Beneath the Boards Read online




  Beneath the Boards

  By David Haynes

  Edited by

  Storywork Editing Services

  Cover artwork by

  MM Illustrations

  To find out more about David Haynes and his books visit his Blog

  macabrecollection.blogspot.co.uk

  or follow him on twitter

  @Davidhaynes71

  For Sarah and George

  Table of Contents

  1

  2

  3

  4

  5

  6

  7

  8

  9

  10

  11

  12

  13

  14

  15

  16

  17

  18

  1

  Stokes knocked on the door and waited. Four unanswered phone calls and three unreturned text messages had left him with no choice.

  “Just answer the door,” he whispered.

  Natalie Sutton was a mess. In almost every part of her life she had, at one point or another, made the wrong decision.

  Do you want to start smoking cannabis at thirteen, Natalie? “Yes, sir.”

  Do you want to have a baby at fourteen, Natalie? “Yes, please.”

  Do you want to have another baby at sixteen, Natalie? “Of course! Who wouldn’t?”

  What about starting a relationship with a man twice your age? He’s a real catch; he’s beaten every woman he ever knew to a bloody pulp. “Oh, go on then, if you insist.”

  He exhaled loudly and banged on the door. “Natalie? It’s DC Stokes, can you open the door please?”

  He knew she was in. He’d had a quick look through the lounge window on his way up the driveway. The TV was on and kids’ toys lay strewn about. There was even a half-eaten chocolate biscuit on the carpet.

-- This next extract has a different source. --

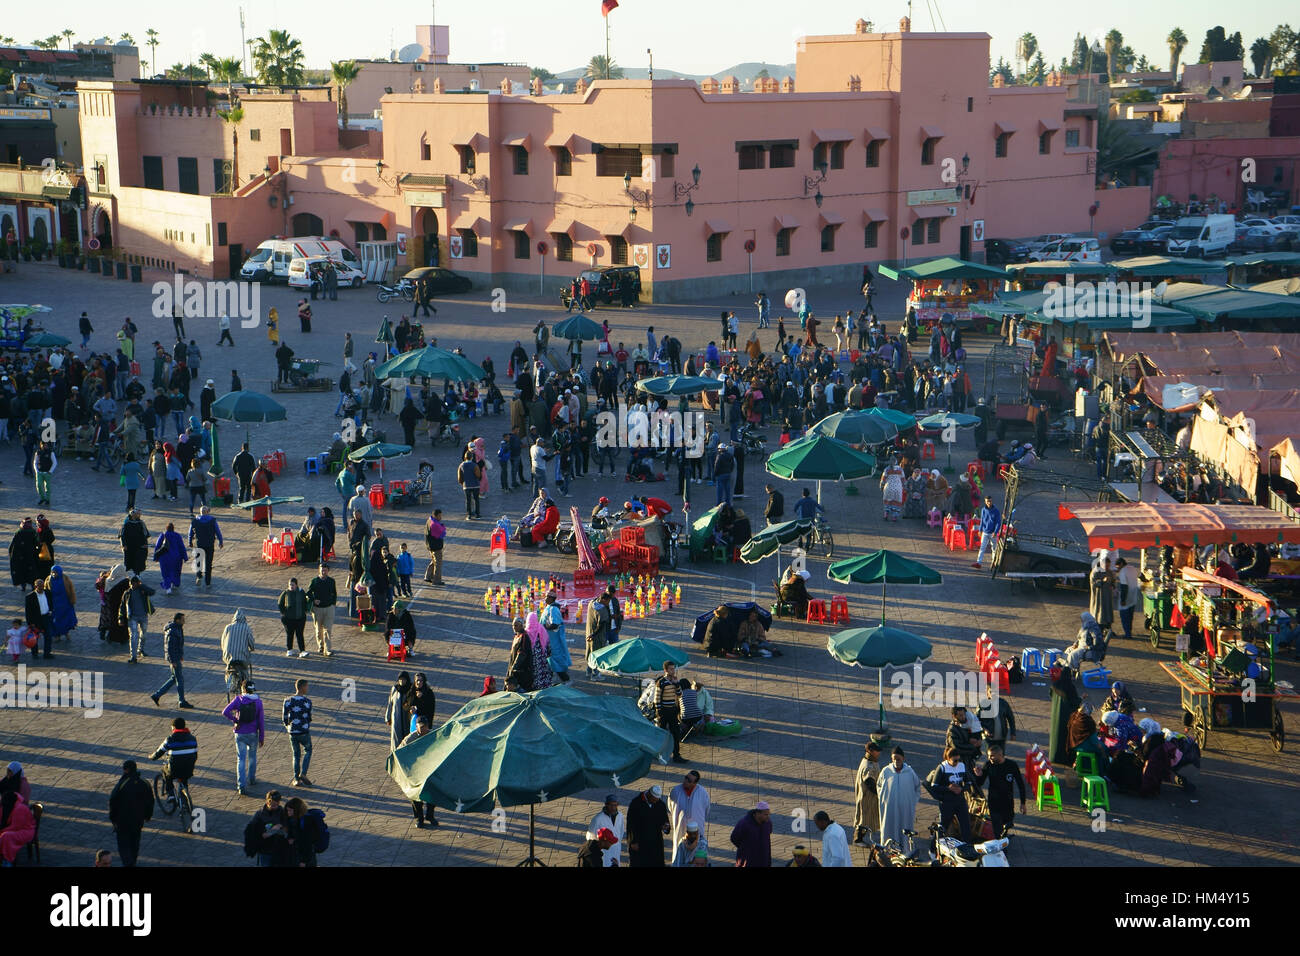 Panorama Jamaa el Fna Marrakesh Marocco Stock Photo
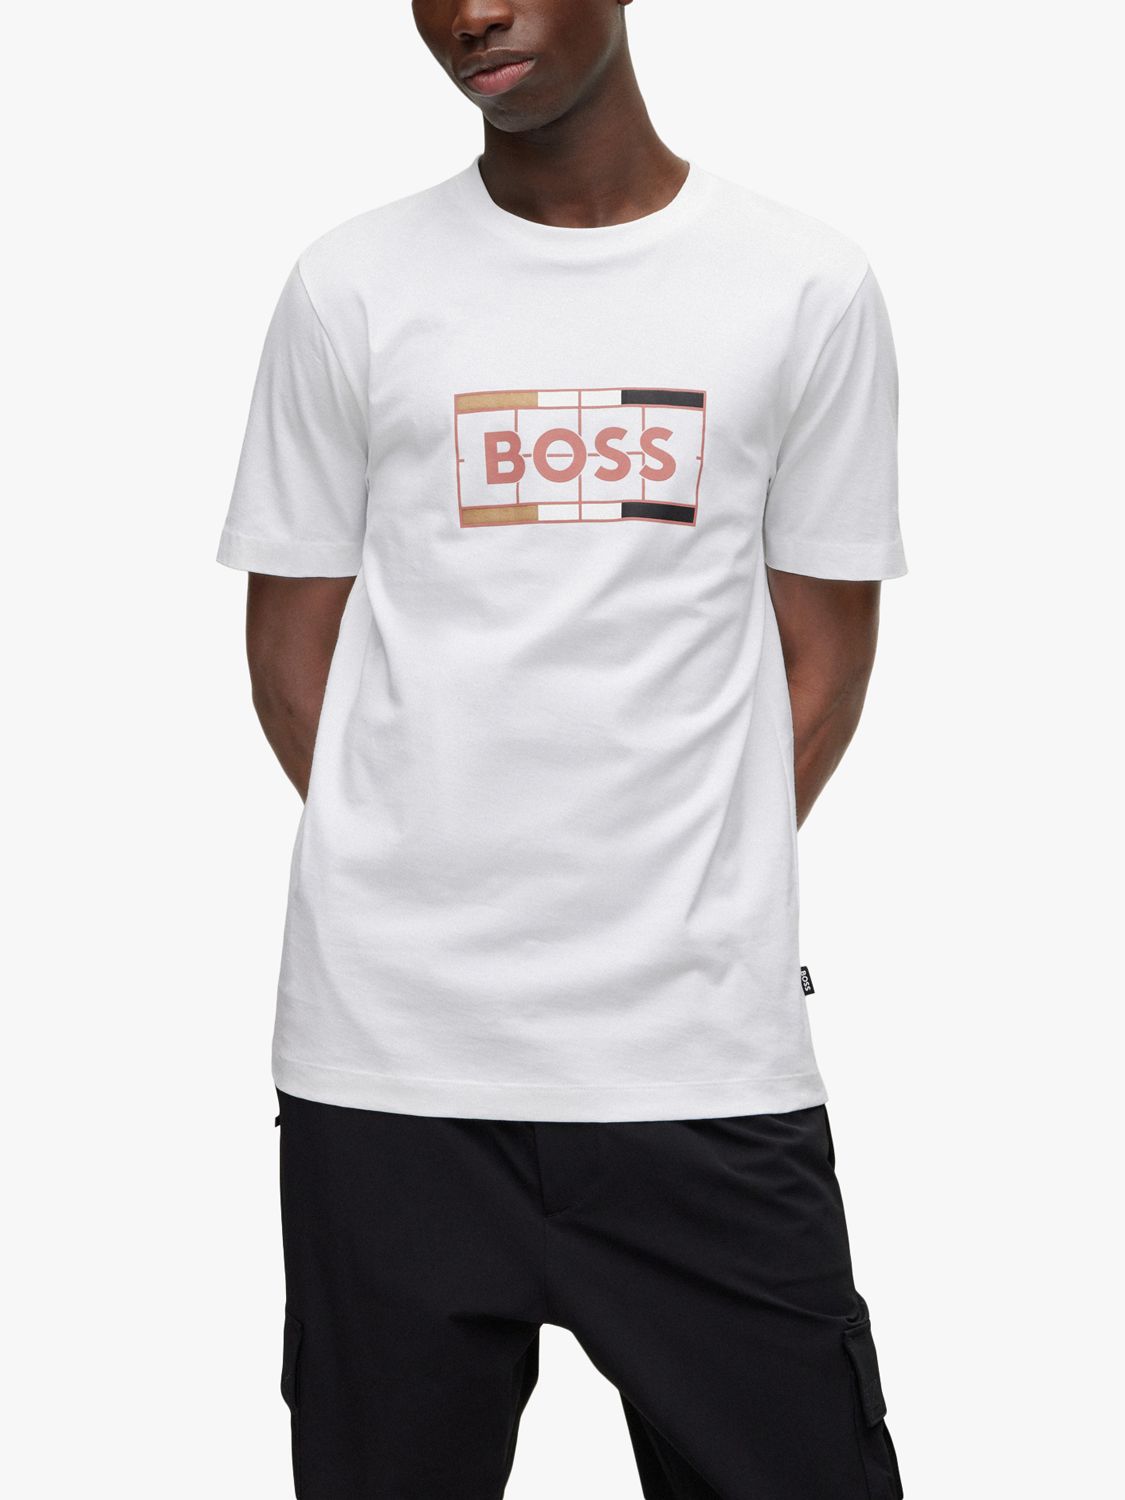 BOSS Tessler 186 Graphic Logo T-Shirt, White/Multi

  He crouched and pushed the letterbox open. “Natalie, I only want to ask you a quick question, that’s all. Just open up and I’ll be out of your hair in two minutes.”

  He’d worked in the Domestic Violence Unit for the last eight years and in that time he’d investigated just about every crime imaginable. He’d also dealt with the unimaginable ones too.

  ‘High Risk’ – that was the designation given to the victims he worked with. These were the women who appeared on the front page of the newspaper when they’d been murdered by their devoted boyfriends, husbands and lovers. These were the women he wanted to protect.

  He had six other women on his workload and they all needed his help, but there was high risk and then there was Natalie Sutton. She courted violence; she sought it out wherever and in whomever she could. He’d been visiting her for the last six months, trying to make her see, trying to make her understand that there was another way to live. He’d backed her when the other agencies wanted to close the door on her and take the baby into care. He believed in her and he believed he was right.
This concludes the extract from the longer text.